William Hunter (1718-1783) collected to advance knowledge in subjects of special interest to him. In other areas he engaged experts to help acquire specimens. As well as these very significant collections, his bequest included money for 'a dry well aired and Convenient House built on purpose for containing my said collection'.
The Museum's contents covered the fields of medicine, natural history, art and antiquities together with an extensive library. The Hunterian was also the first museum in Britain with a gallery for paintings.
When the University moved to its present site in 1870 the old buildings, including the Hunterian Museum, were sold and shortly afterwards demolished.
The Hunterian Museum today is situated within the University's main building, with The Hunterian Art Gallery across the road.
The Scottish Enlightenment
The Hunterian was built as an Enlightenment Museum, reflecting the spirit of a time when Scotland's great thinkers - philosophers, artists, writers, and scientists - sought to understand the natural world and the human mind.
The catalogue provides a snapshot of human history and nature as understood by the Georgian Enlightenment. Within a few years, this perception changed radically. Understanding was altered by scientific revolutions such as the development of a deep-time chronology and Darwin's evolutionary theory.

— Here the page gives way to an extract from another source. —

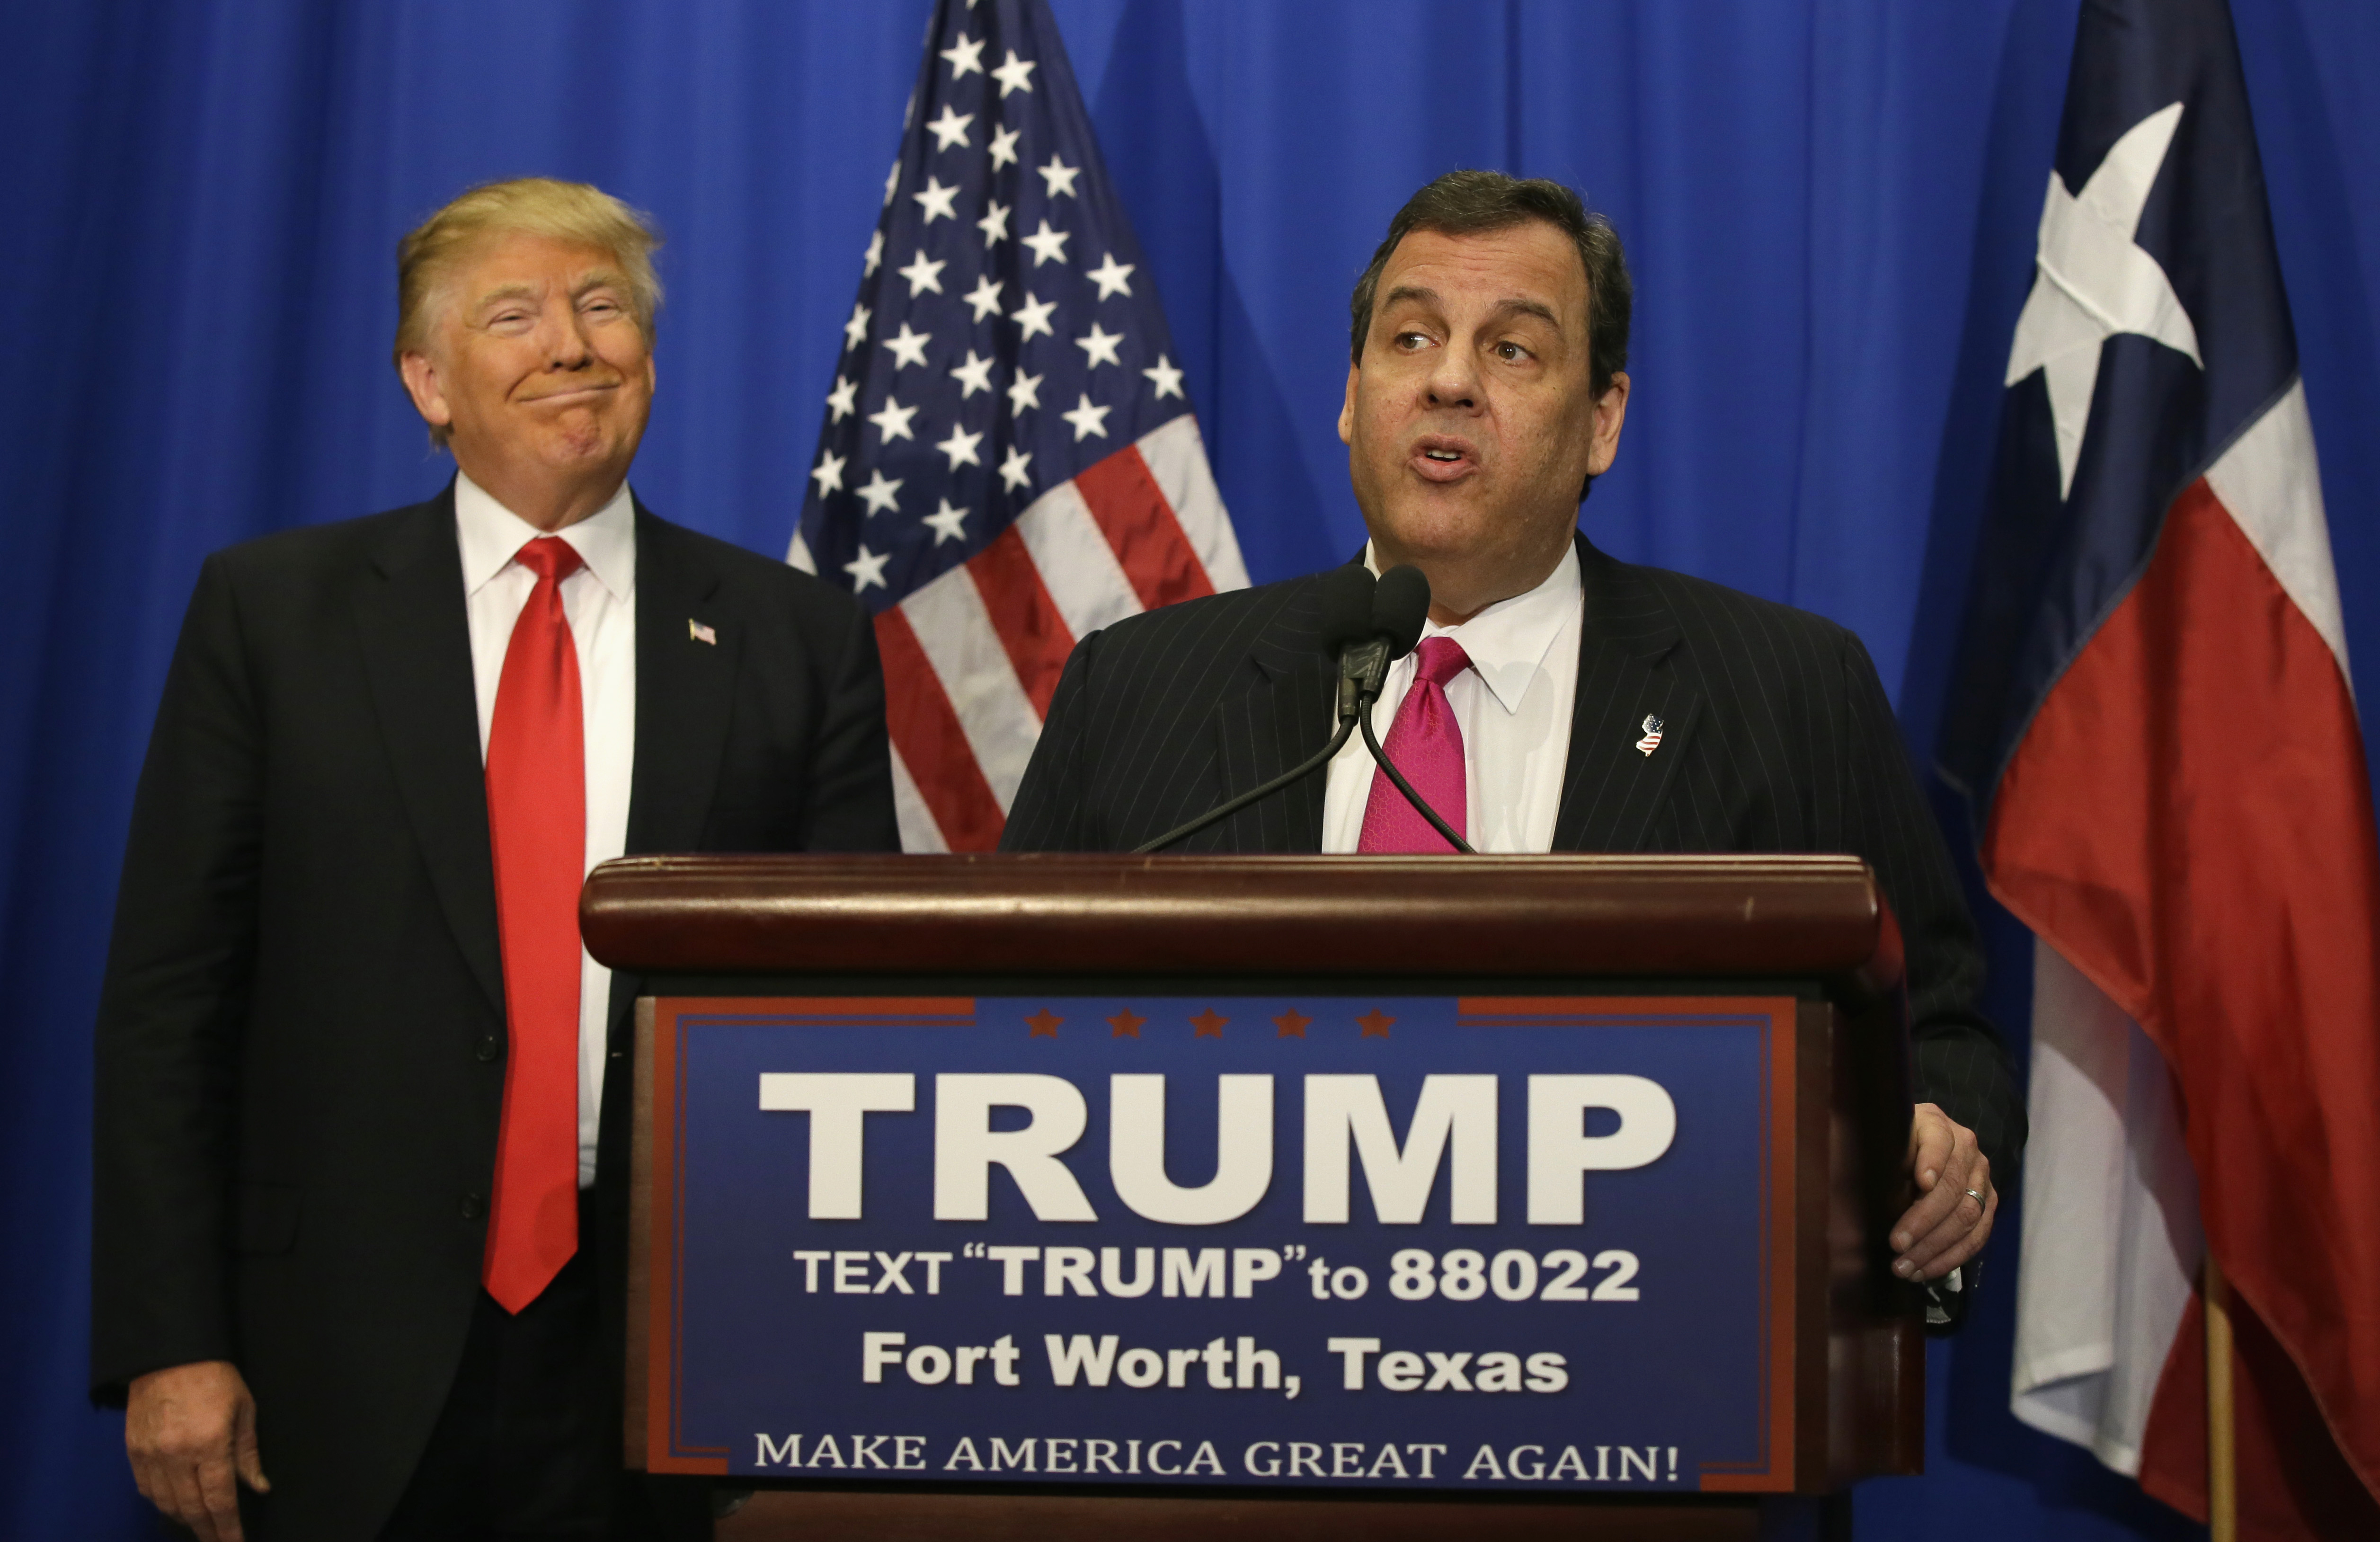 Christie chooses sides

The exhibition recreates the order and atmosphere of Scotland's oldest museum as recorded in one of the world's first museum catalogues. By comparing Laskey's careful notes with our modern knowledge, it is possible to see how much our understanding of the world has changed.
Image 1: Cast of the Rosetta stone, taken in 1803 shortly after the stone arrived in London. The cast was displayed at the opening of The Hunterian Museum.
New FREE 10 Minute Talk Programme
FREE lunchtime talks at 1pm every Wednesday from 22 May – 7 August 2013 in The Hunterian Art Gallery, 82 Hillhead Street, G12 8QQ. Attendance at the talks includes free entrance into the exhibition, normal price £5 per person.
Step back in time and see how the Hunterian Museum was in 1813. This series of short lunch time talks will provide fascinating insight into the exhibition which celebrates the 200th anniversary of The Hunterian’s first ever guide published by the mysterious Captain James Laskey (c.1760 - 1829) in 1813. Specially selected items from the original 18th century museum are on show.
Wednesday 22 May
Geoff Hancock: Who was Captain Laskey?
Wednesday 29 May
Dr Donal Bateson: Big Coins and Little Coins
Wednesday 5 June
Dr Stuart McDonald: The Mastodon Meat Eating Elephant.
Wednesday 12 June
Dr John Faithful: William Hunter and the Greatest Mineral Painting in the World
Wednesday 19 June
Prof David Gaimster: The Rosetta Stone, Breaking the Code
Wednesday 26 June
Dr Neil Clark: Bone Breccia, Whose bones were they?
Wednesday 3 July
Dr Stuart McDonald: Hunter and Blood Circulation
Wednesday 10 July
Peter Black: Portrait of Dr William Harvey (1578-1657)
Wednesday 17 July
Dr Sally-Anne Coupar: The world uncovered - William Hunter's "artificial curiosities"
Wednesday 24 July
Peter Black: Titian's portrait of Vesalius
Wednesday 31 July
Maggie Reilly: William Hunter's shells re-discovered
Wednesday 7 August
Geoff Hancock: Finding Captain Cook’s Missing Seashells.